Thursday, June 3, 2010

Thursday Thoughts - Music

So this week's Thursday Thoughts may seem a little random at first. This week's installment was going to revolve around how critical reviews, willing that they're honest and fair, are what indie developers should want to see. You know, rather than dishonest 10's-across-the-board reviews by publications or sites that only wish to please others and keep any sort of advertising/product flow coming. But I think that can wait for another week while I go onto a more personal subject that, in the end, will still relate to gaming: Depeche Mode.

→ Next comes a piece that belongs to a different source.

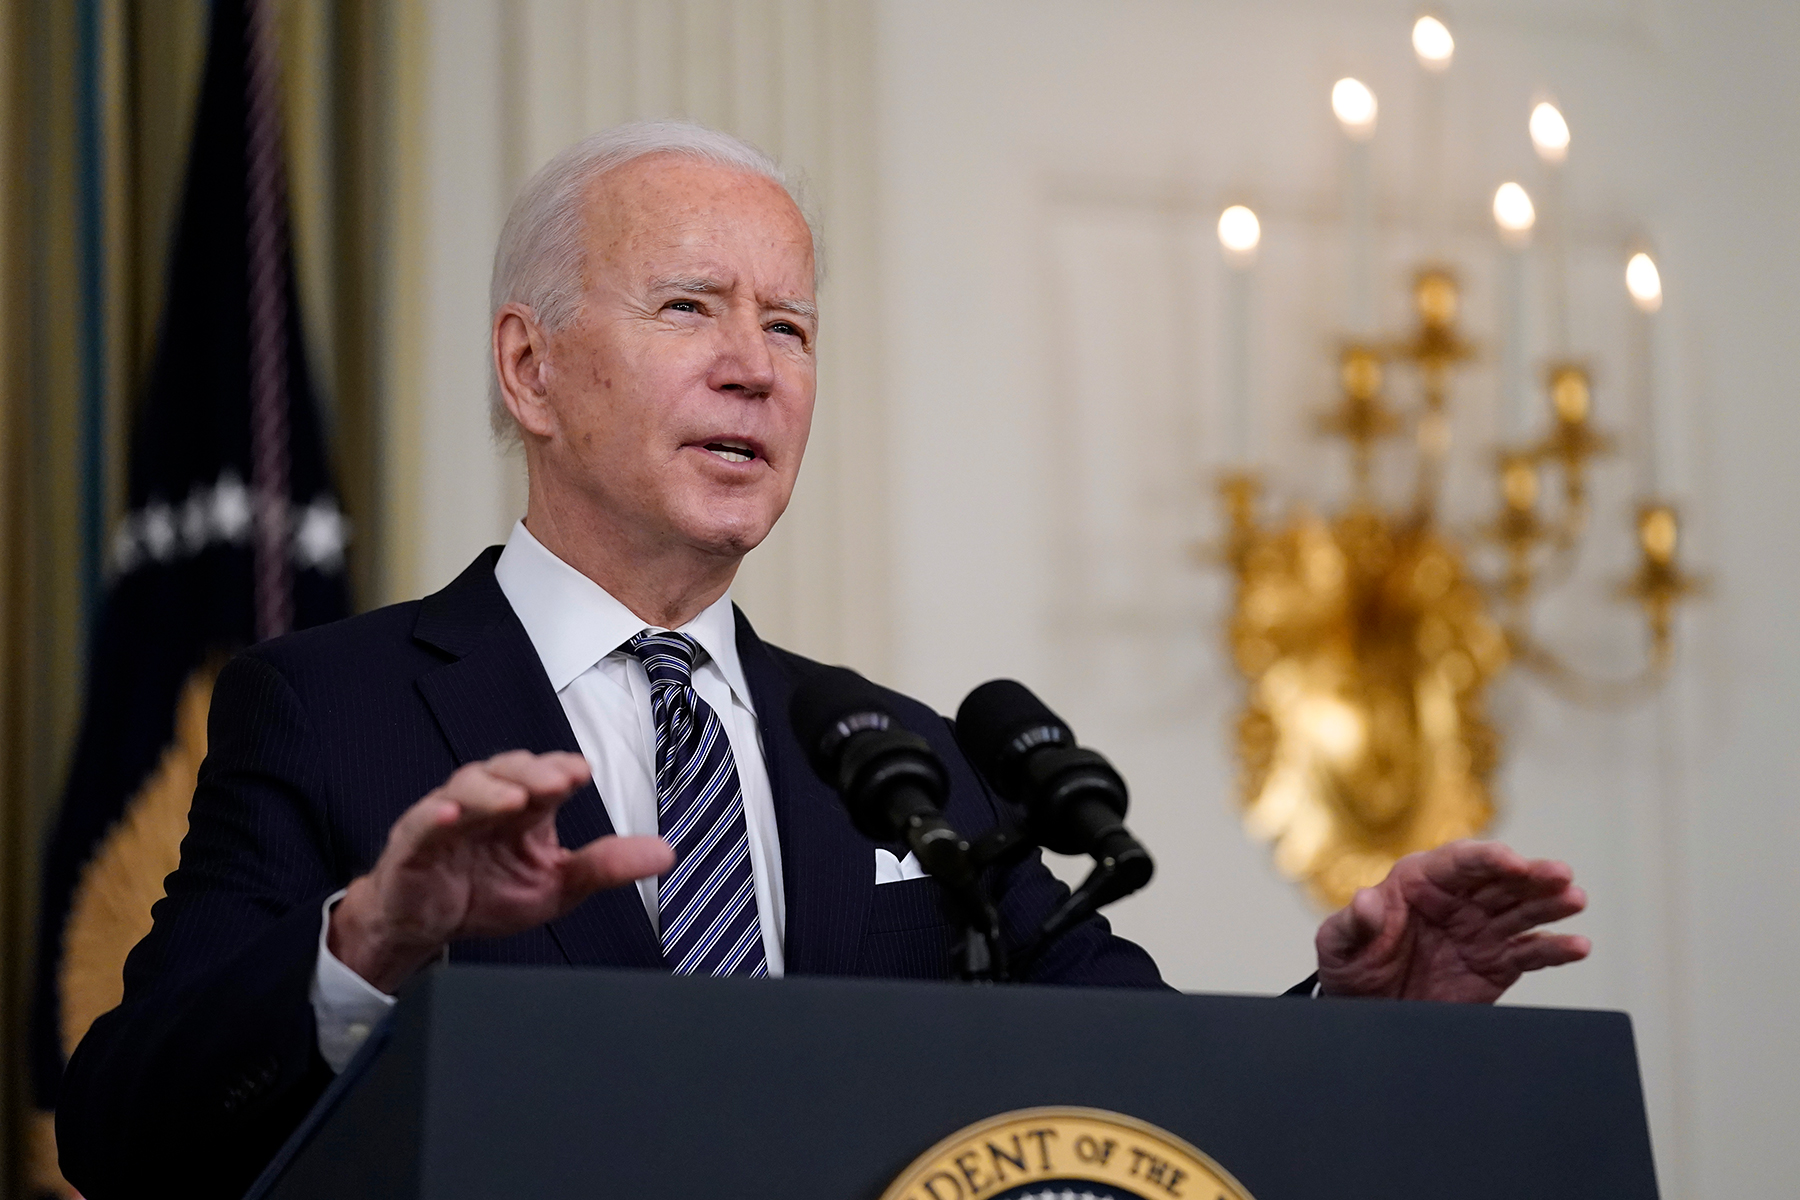 For the First Time as President, Biden Calls for Filibuster Reform

If someone told me I only had one band to listen to for the remainder of my existence, I don't think I'd hesitate with my answer of "Depeche Mode". And looking back over the last 12 years of my life, there's no one reason for that. I didn't get into the band until the very late 90's, I have nothing that all of a sudden got me listening to them, and I didn't become a die-hard fan overnight. Yet over the last decade no band has made me feel more focused on whatever I'm doing. For some odd reason, the music seems to drown out everything except for two things: itself, and whatever my senses and thoughts are pointed toward. Even emotions, even my hatred becomes a pointed spear rather than a desperate net.

I'm pretty sure this is starting to beg the question, "What does this have to do with gaming or even this blog?" Earlier today I was thinking, as I often do, about the kinds of games I'd make if I had an ounce of talent to do so. Ideas don't craft themselves into the 1's and 0's necessary to entertain others, and even though the tools are in front of me I'm pretty sure I'd be the farthest thing from a capable carpenter with them. Back to earlier, though. I thought, if I did have the motivation and ability to create the games I'd enjoy making, what music would I want in them? My mind went through the different styles of music that I normally hear in what I play. Would I want some trance? Some metal? Maybe melt a ton of different styles together like Yasunori Mitsuda does with the Chrono and Xeno games? And then it hit me: I'd want something that sounds like it came right off of Ultra. I'd want music that not only pleased my senses but also gave me a calm, focused look at the puzzle at hand.

And, really, games are all about puzzles. Even the most frantic fighter or racing game is a series of puzzles that need to be solved right then and there. Of course, I'm pretty sure hearing "Sister of Night" isn't all that great in every gaming scenario. Pounding out a combo during a crucial moment in Super SF4 isn't something I see myself doing to "It's No Good", and I doubt the BOOM HEADSHOT FPS crowd isn't going to go for otherwise appropriately named "Barrel of a Gun" as the soundtrack of their latest Call of Duty skirmish.

So where would it fit in? Why, in a lot of the indie games I see on the XBLIG Marketplace, of course. One such recent game, platformer Apple Jack, has a soundtrack that reminds me of this idea. The soundtrack itself is a simple acoustic guitar that sounds like it's being played near a campfire for the sheer sake of wooing a girl, but it's the presentation of it that matches the idea: it's there without invading the gameplay. You don't hum it while playing, you don't even really think about it other than acknowledging that it's there and that it's good. It almost pushes your mind toward the game, relaxing you and focusing your thoughts and efforts on what needs to be accomplished. Which is good in that game, as it's difficult and requires your attention, and I think the same thing would be accomplished with that sort of non-invasive new wave/electronica.

I know many will disagree with this and probably can't play a game without whatever the cool kids listen to these days playing on their iPods. I don't blame them. But from my experience and thoughts, I don't think there's any music out there that I'd rather see as a soundtrack for the majority of what I play than the synthpop sound of Depeche Mode. And if I ever do find the ability and desire to make games rather than just write about them, rest assured whatever music accompanies it will have its roots with my favorite electronic band.